INSTRUCTIONS TO FOLLOW: Every line below needs to be transcribed without alteration, and no image may be carried over.

RECORDED INFORMATION:
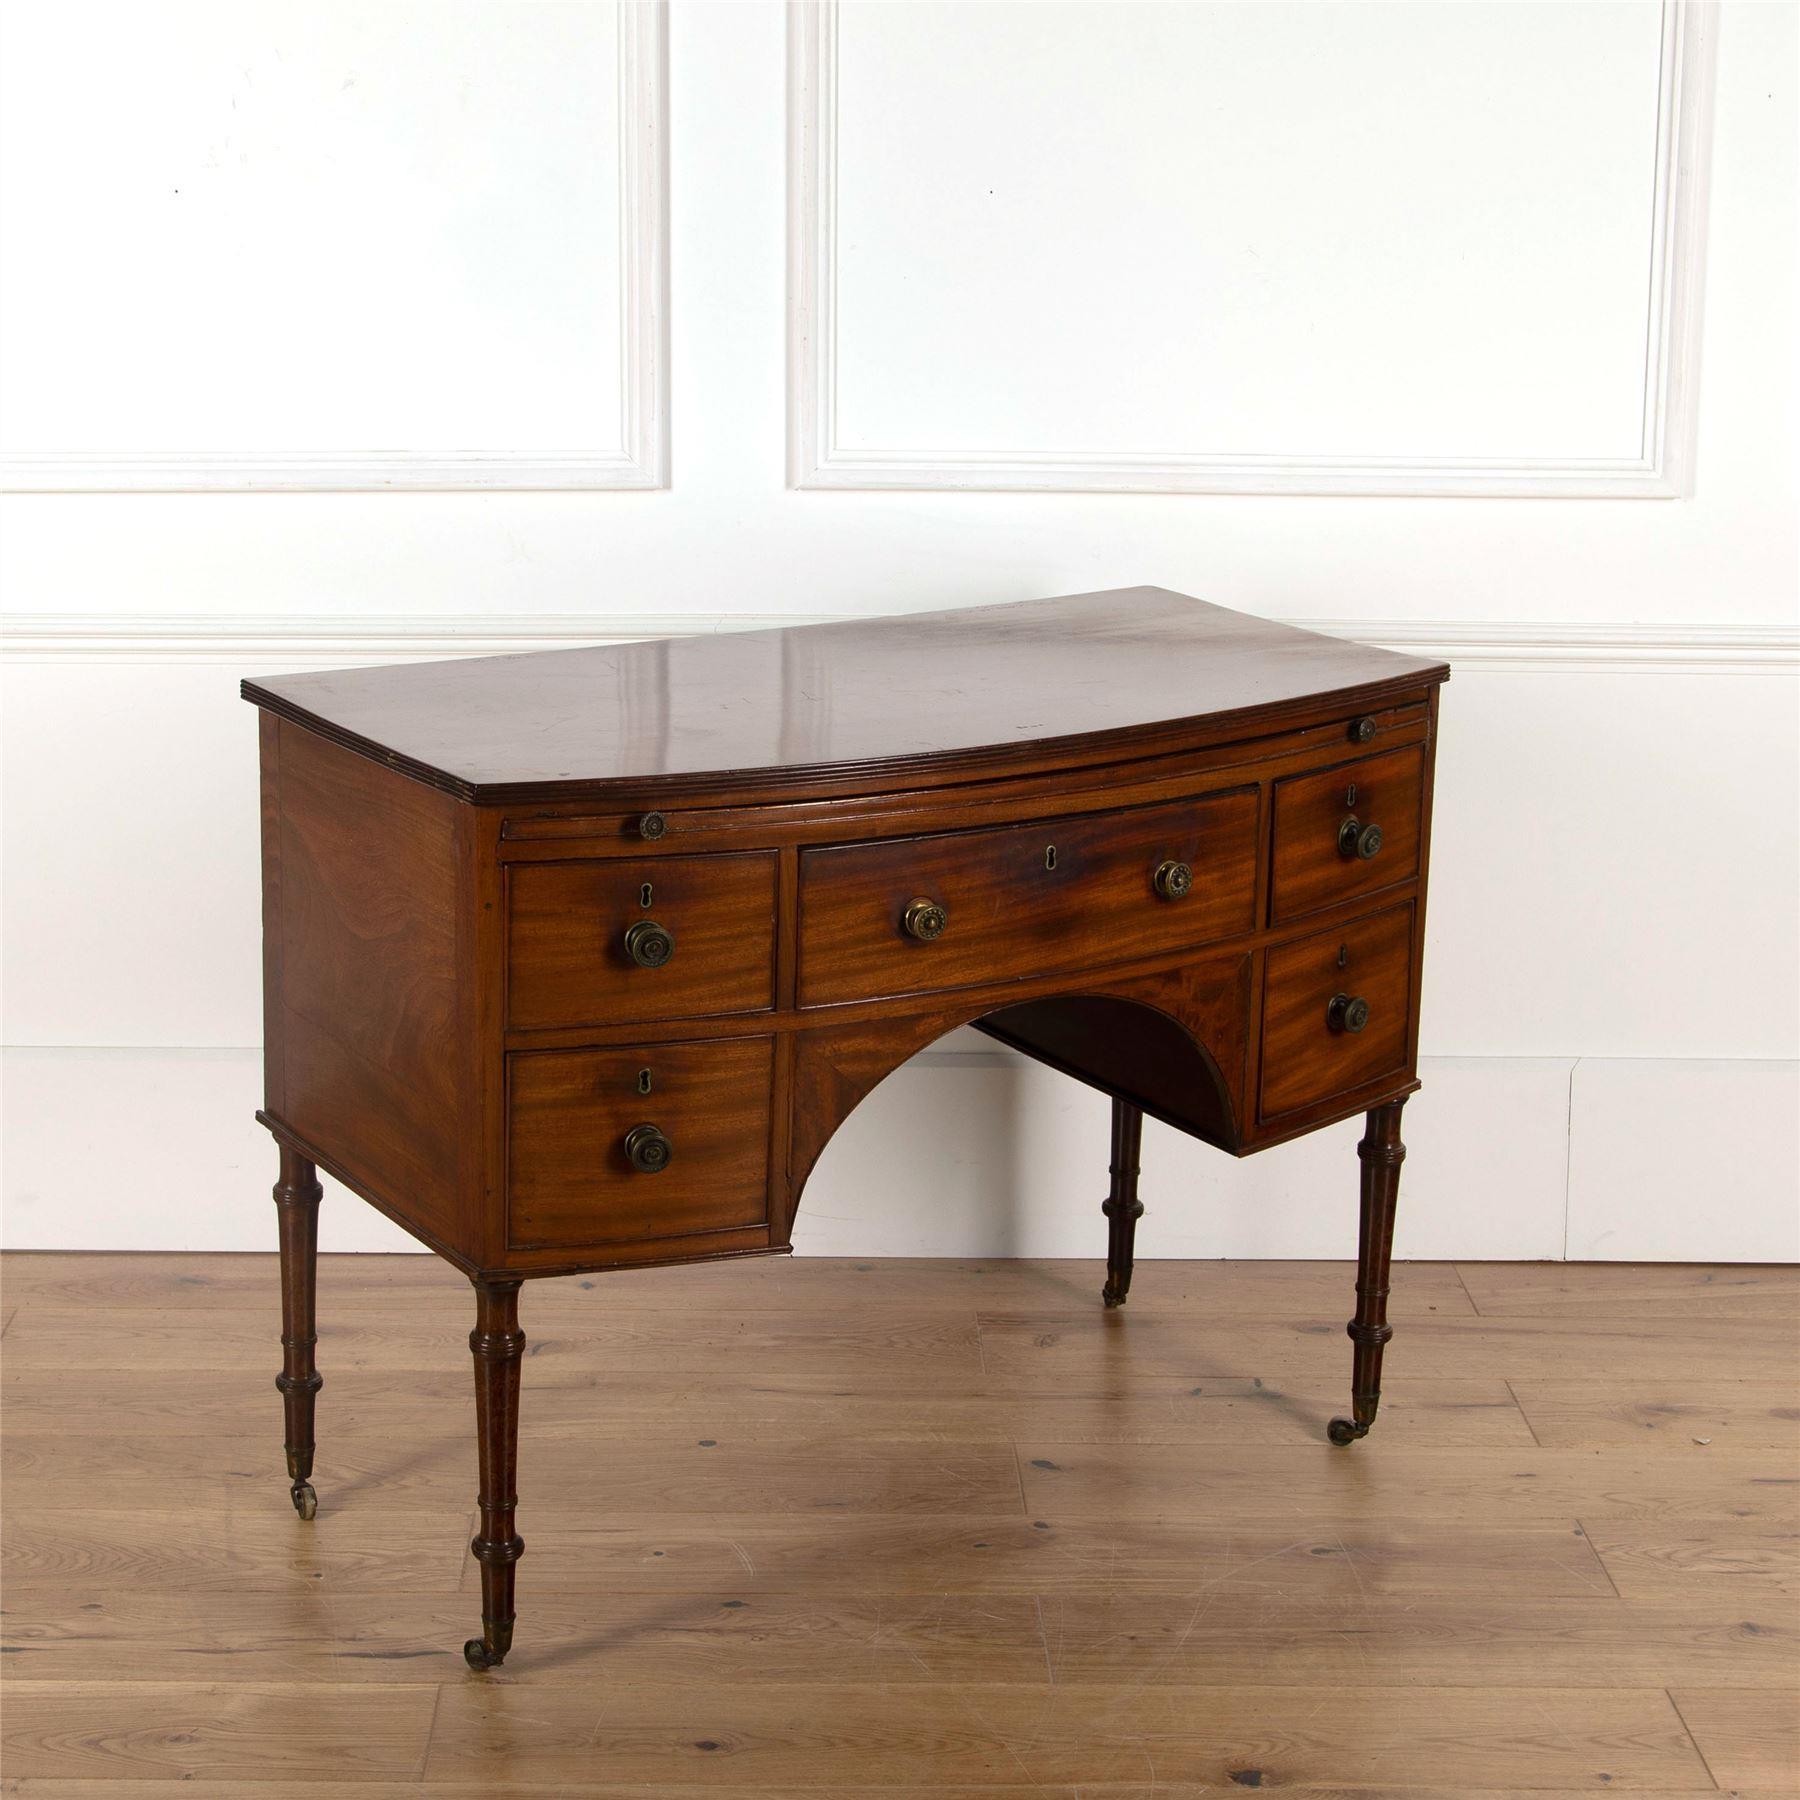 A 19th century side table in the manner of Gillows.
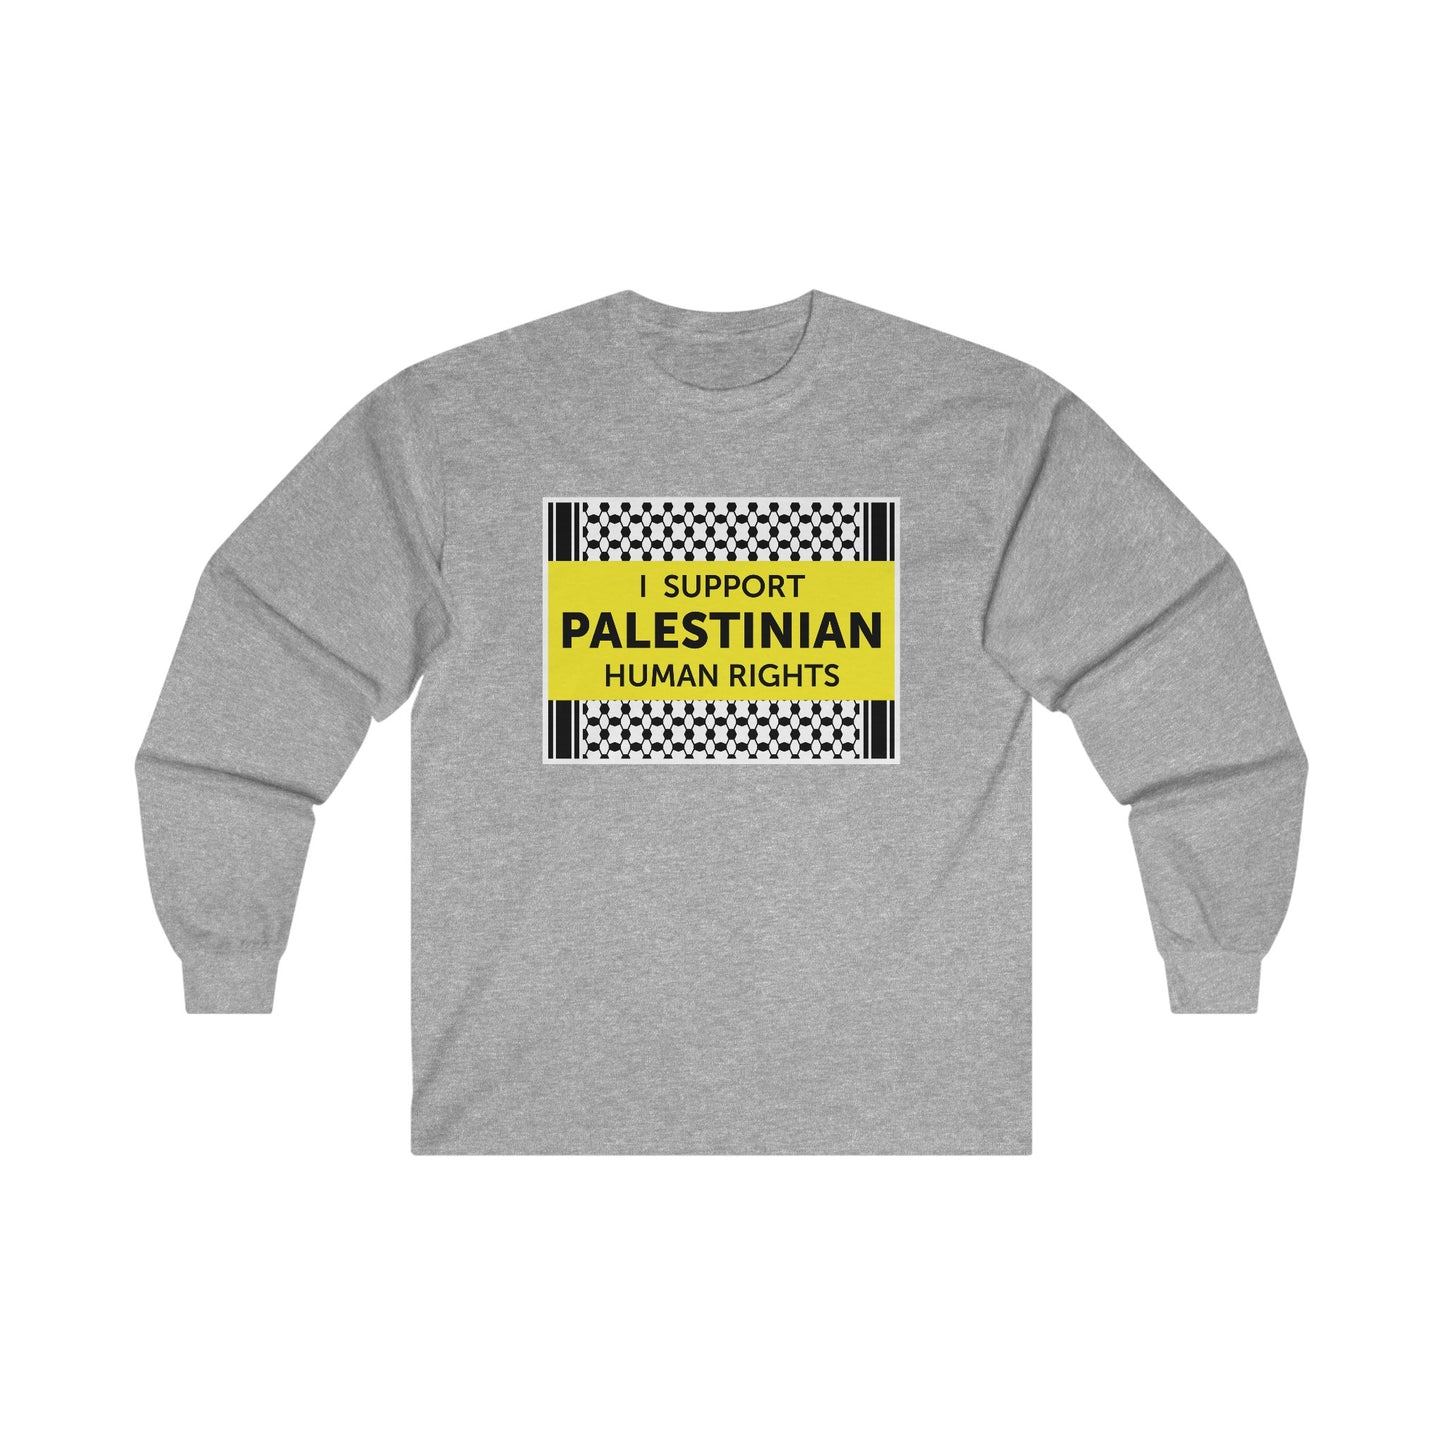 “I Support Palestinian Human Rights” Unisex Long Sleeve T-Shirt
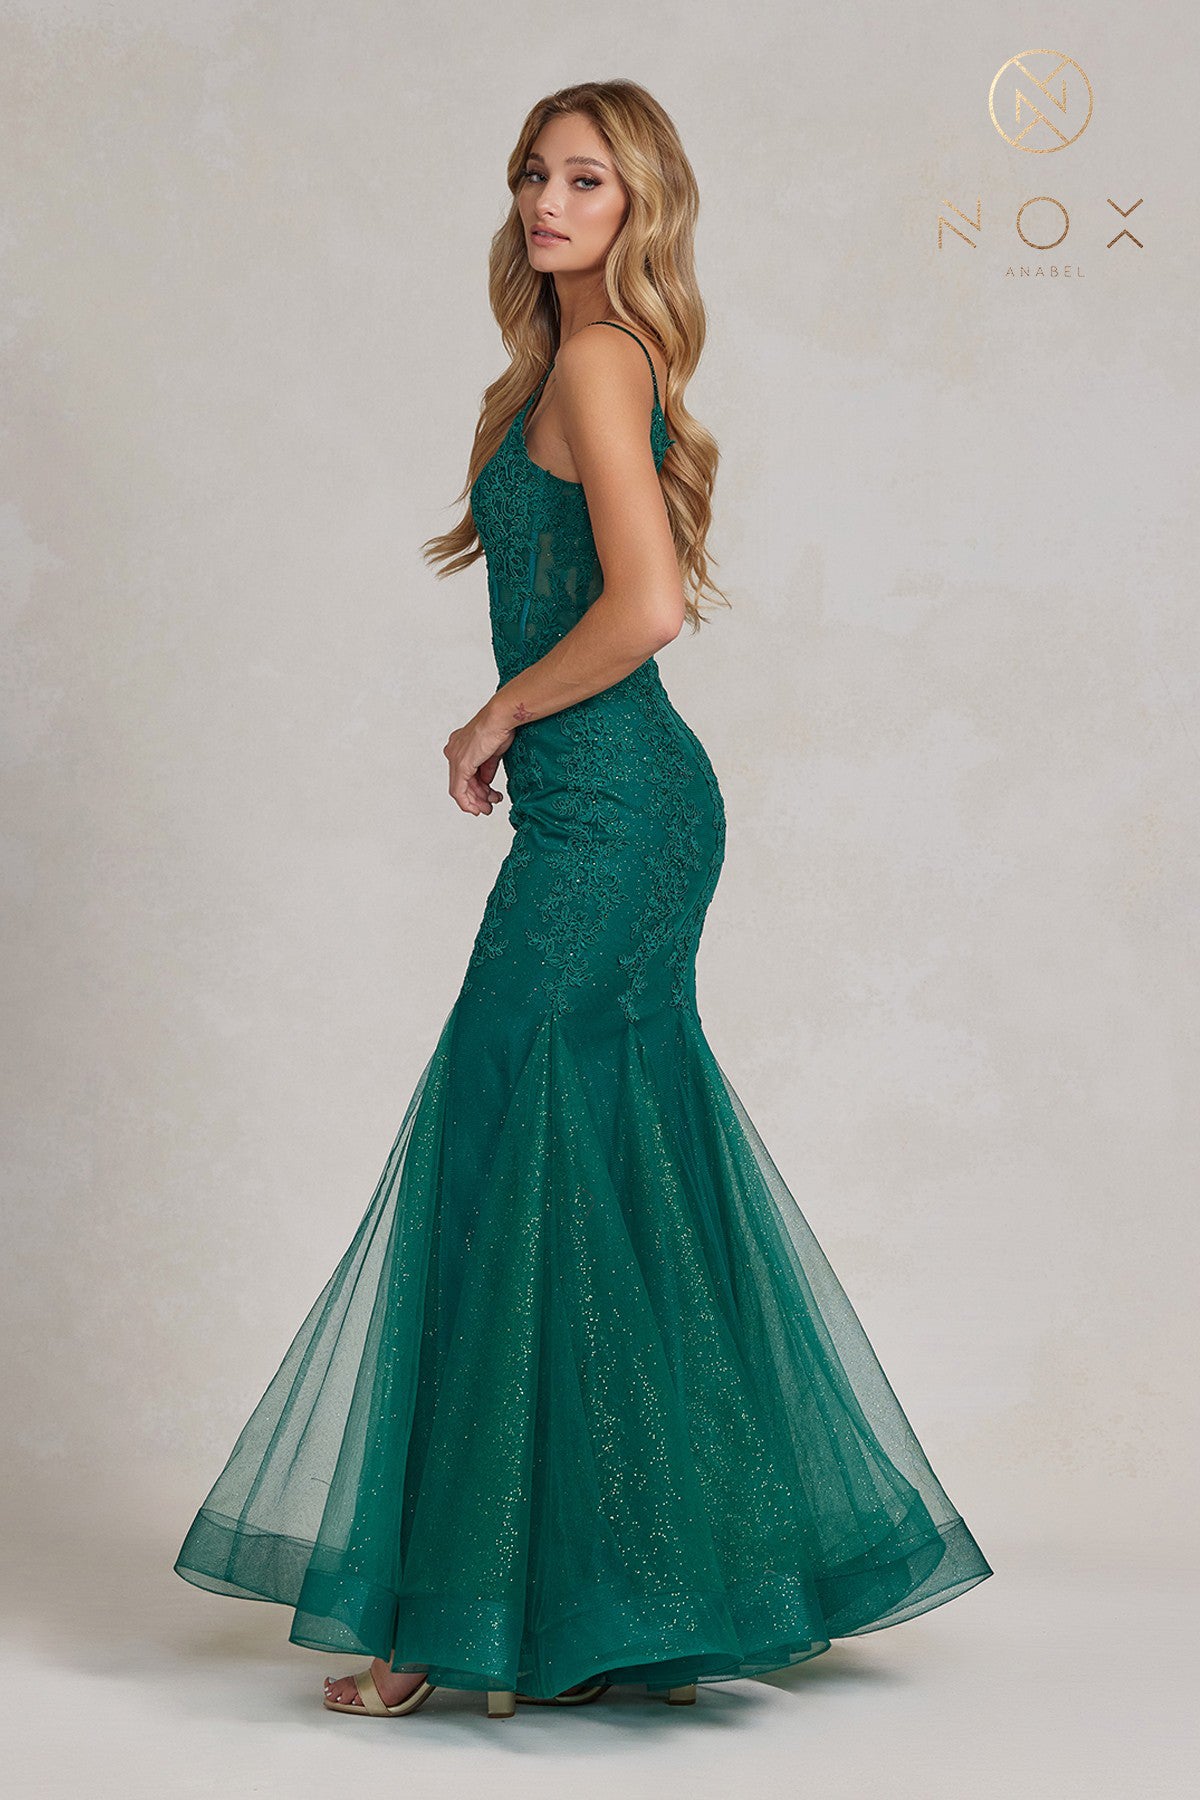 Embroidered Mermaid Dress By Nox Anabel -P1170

EXERCISE RESPONSE:
 A 19th century side table in the manner of Gillows.
 “I Support Palestinian Human Rights” Unisex Long Sleeve T-Shirt
 Embroidered Mermaid Dress By Nox Anabel -P1170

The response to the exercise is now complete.